Set the images aside and retype the whole listing exactly.

Top of MATERIAL PROVIDED

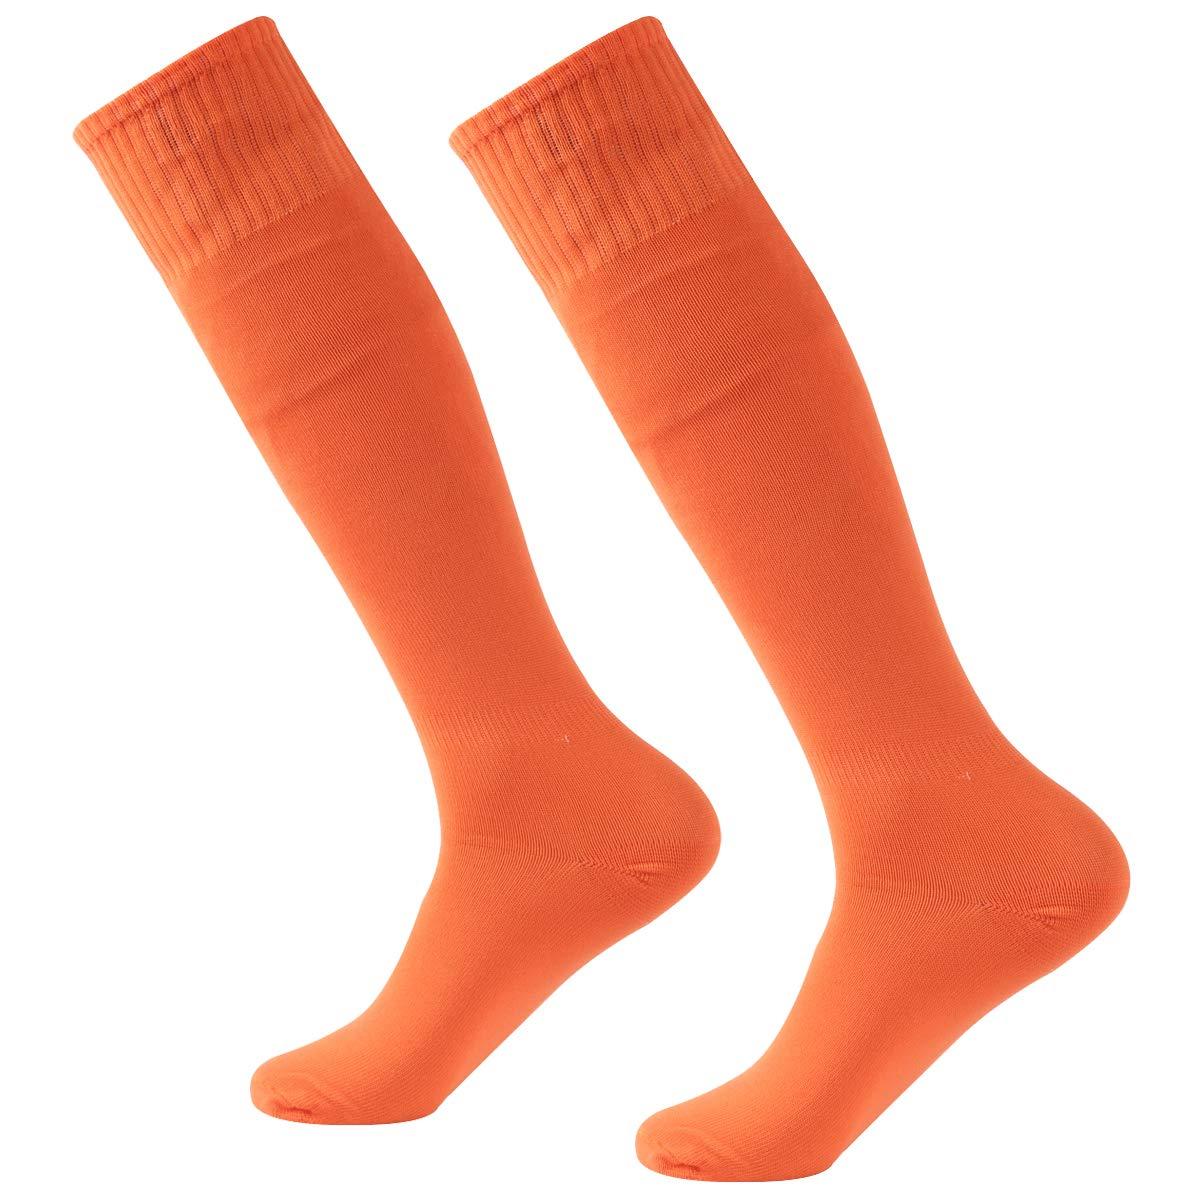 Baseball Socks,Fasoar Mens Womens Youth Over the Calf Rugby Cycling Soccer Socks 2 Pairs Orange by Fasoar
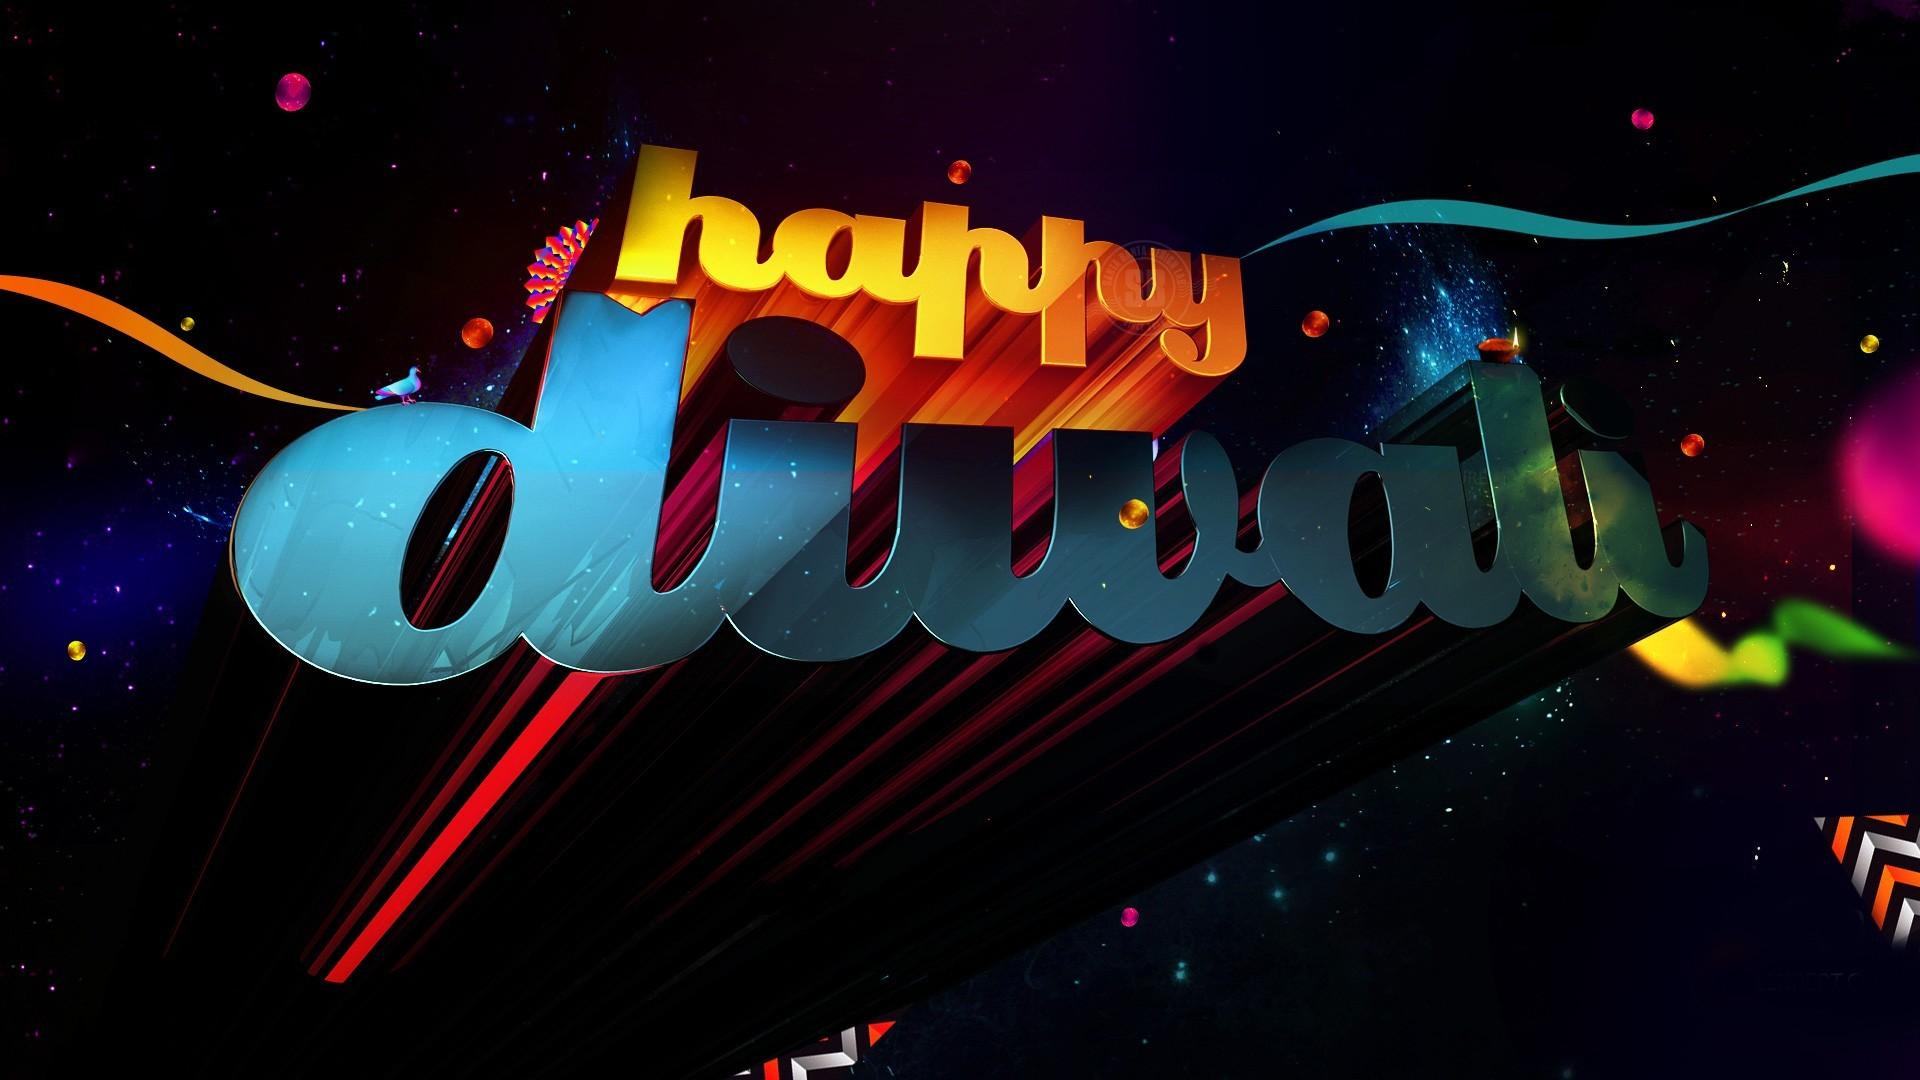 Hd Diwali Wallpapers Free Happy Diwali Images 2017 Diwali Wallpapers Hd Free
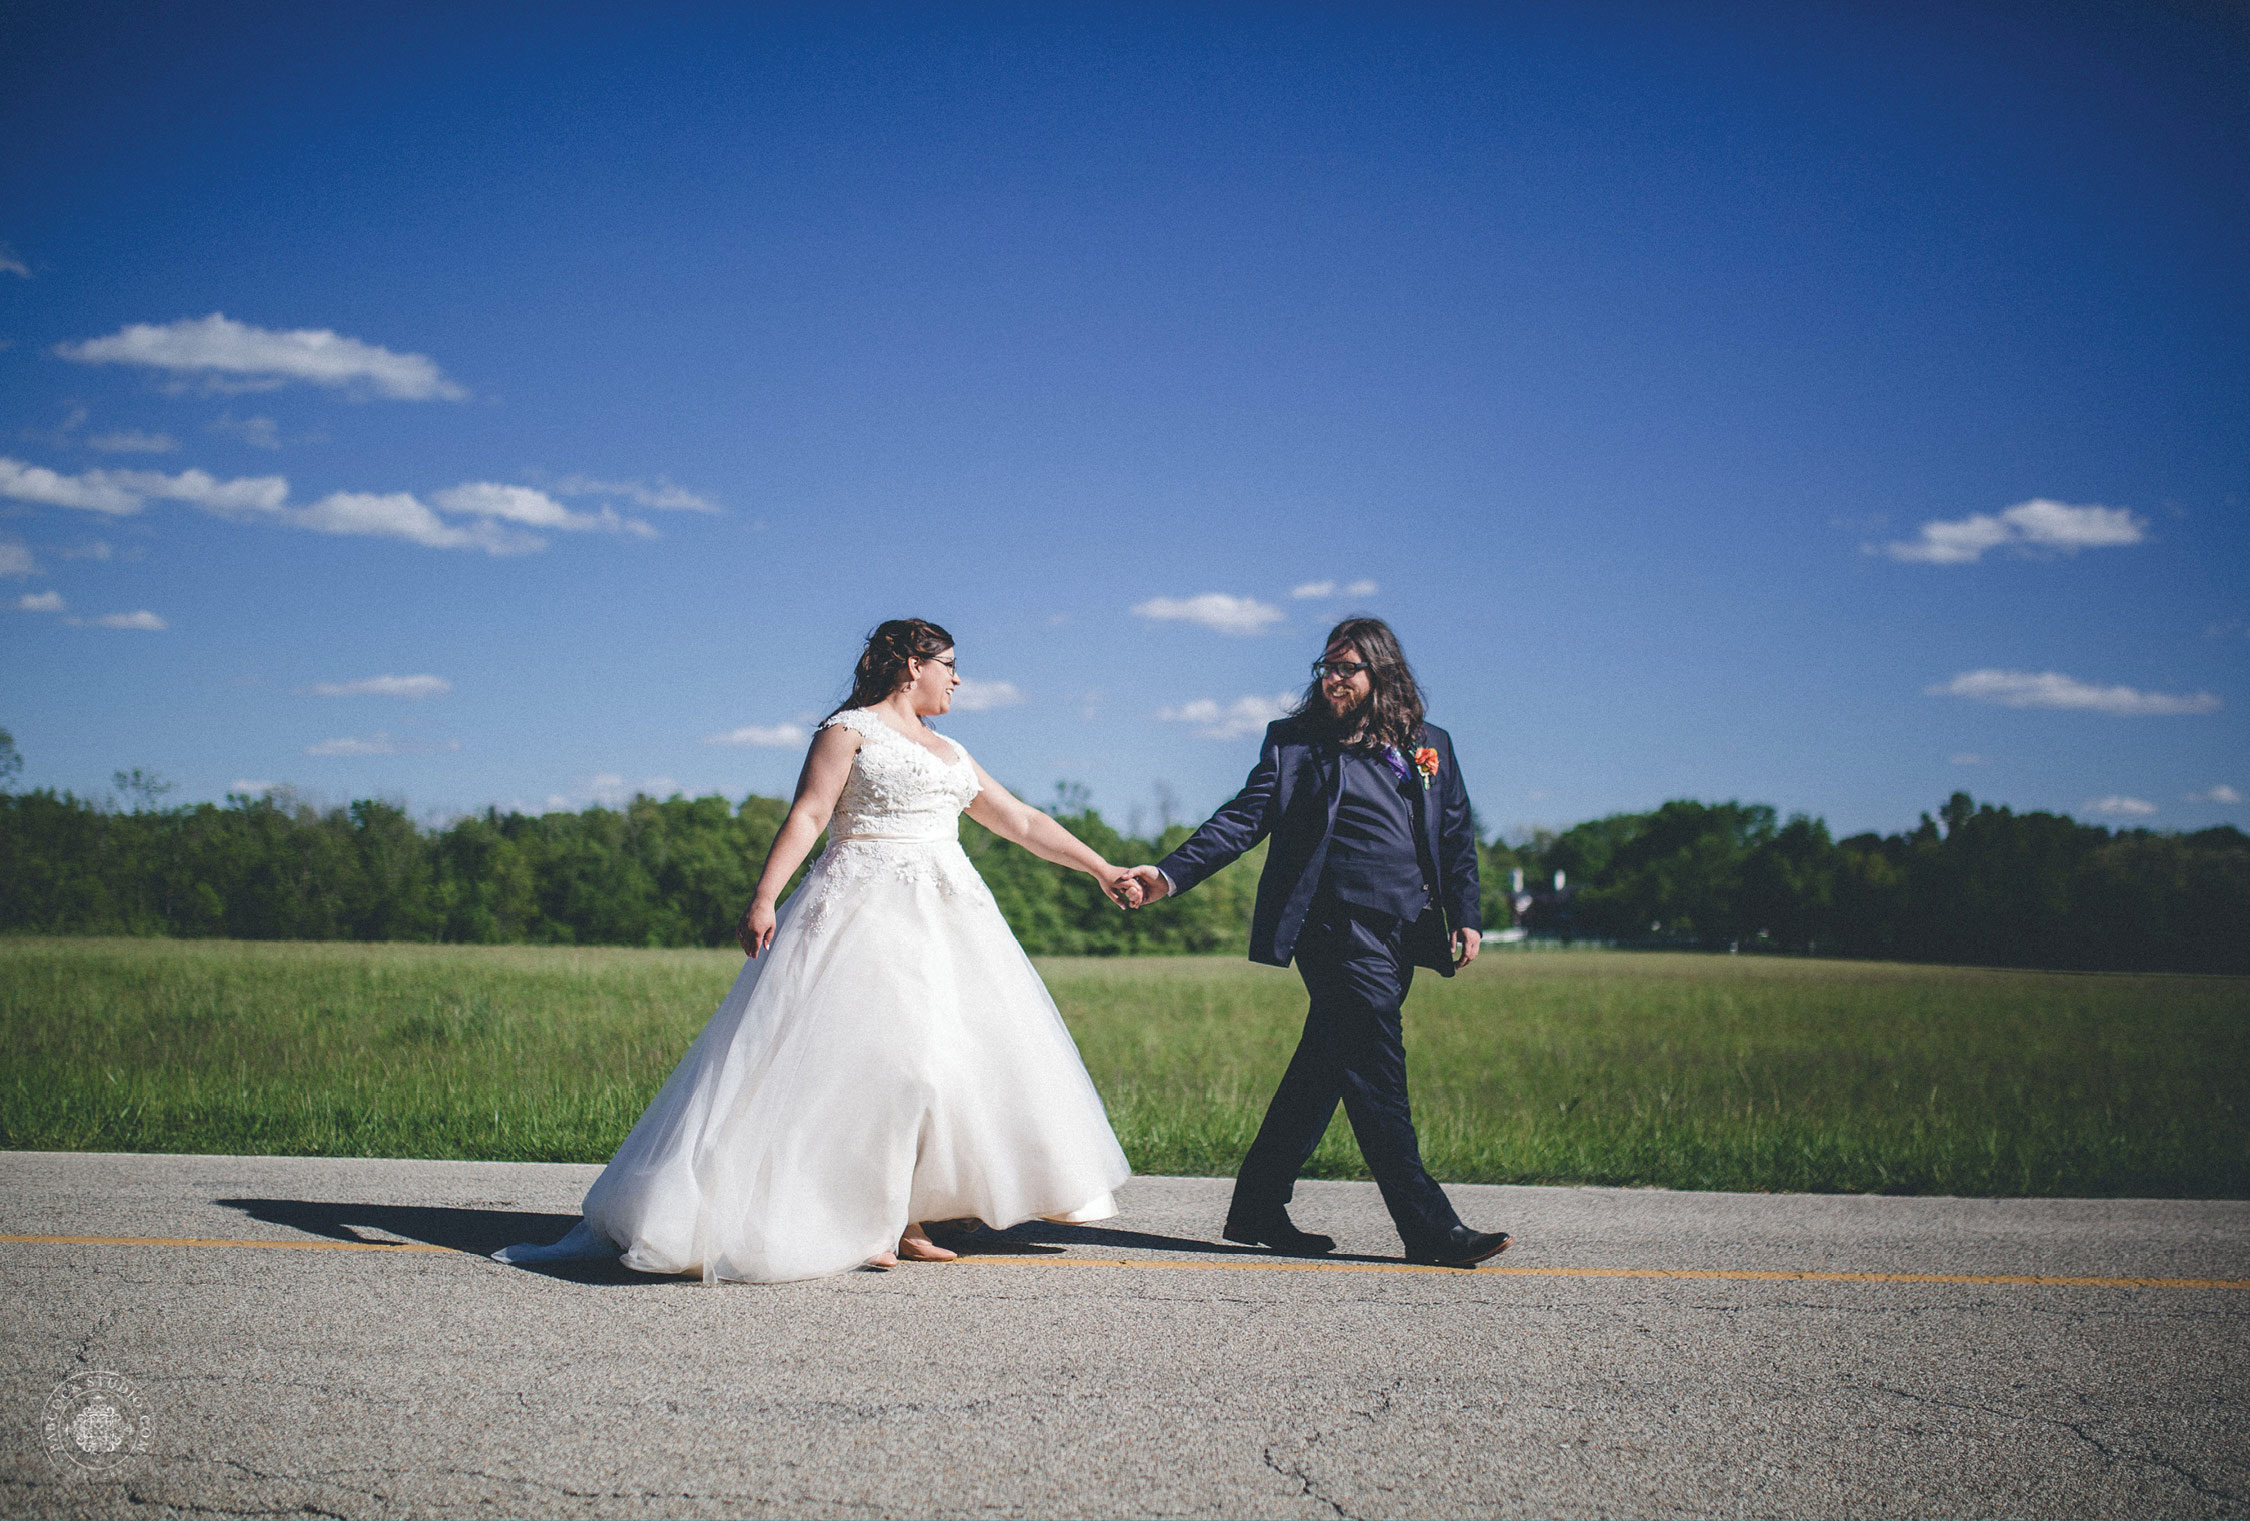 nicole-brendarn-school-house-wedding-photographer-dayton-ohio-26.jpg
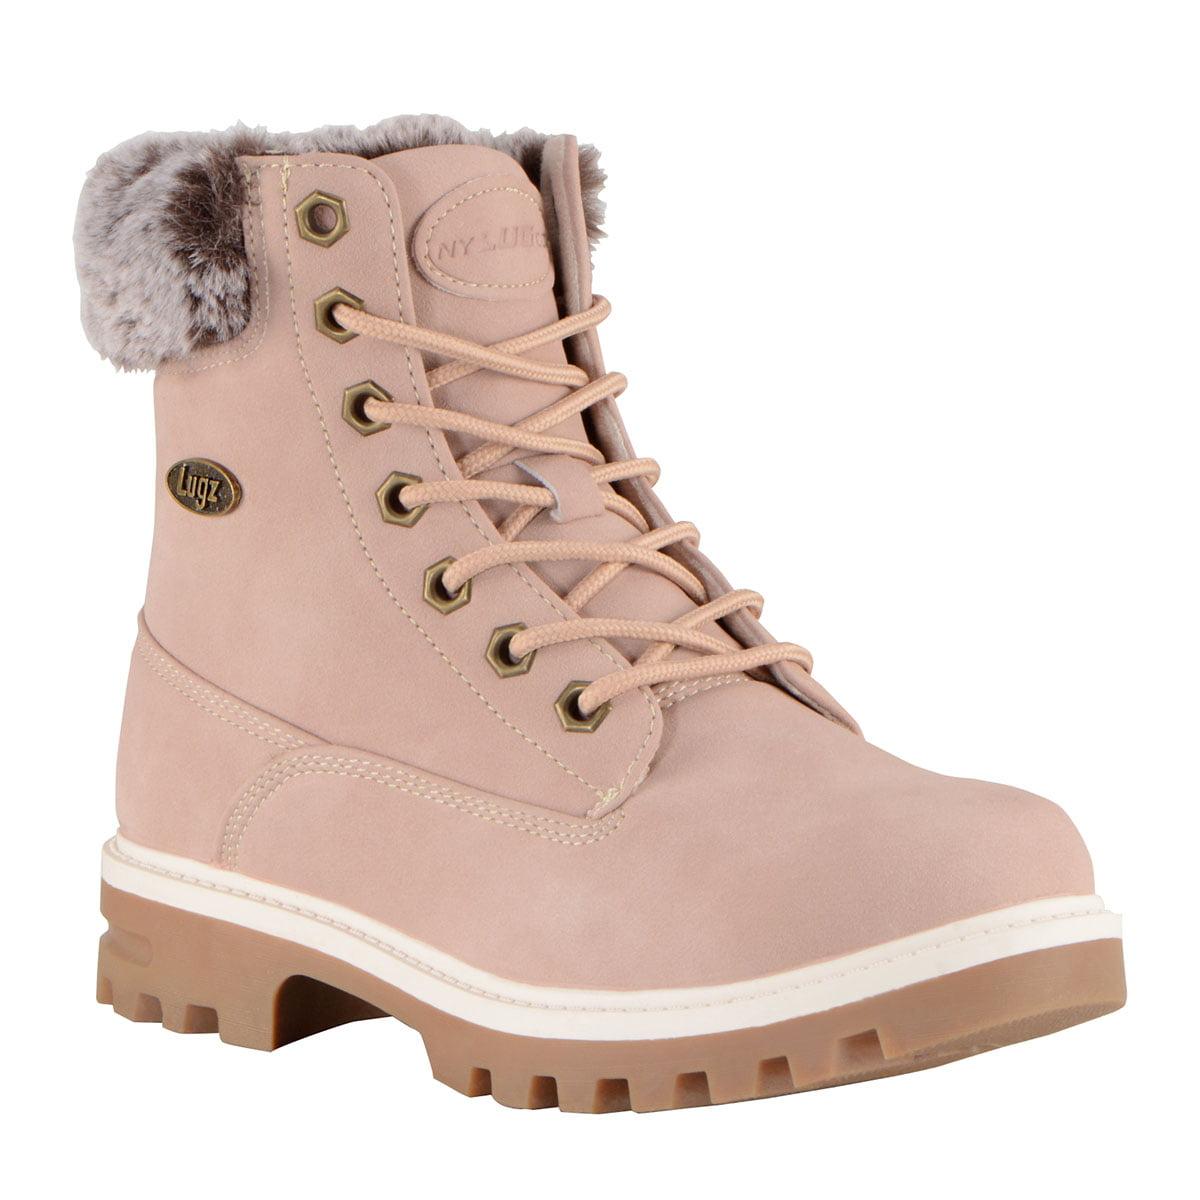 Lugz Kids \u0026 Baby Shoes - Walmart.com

Bottom of MATERIAL PROVIDED

RESPONSE -
 Baseball Socks,Fasoar Mens Womens Youth Over the Calf Rugby Cycling Soccer Socks 2 Pairs Orange by Fasoar
 Hd Diwali Wallpapers Free Happy Diwali Images 2017 Diwali Wallpapers Hd Free
 nicole-brendarn-school-house-wedding-photographer-dayton-ohio-26.jpg
 Lugz Kids \u0026 Baby Shoes - Walmart.com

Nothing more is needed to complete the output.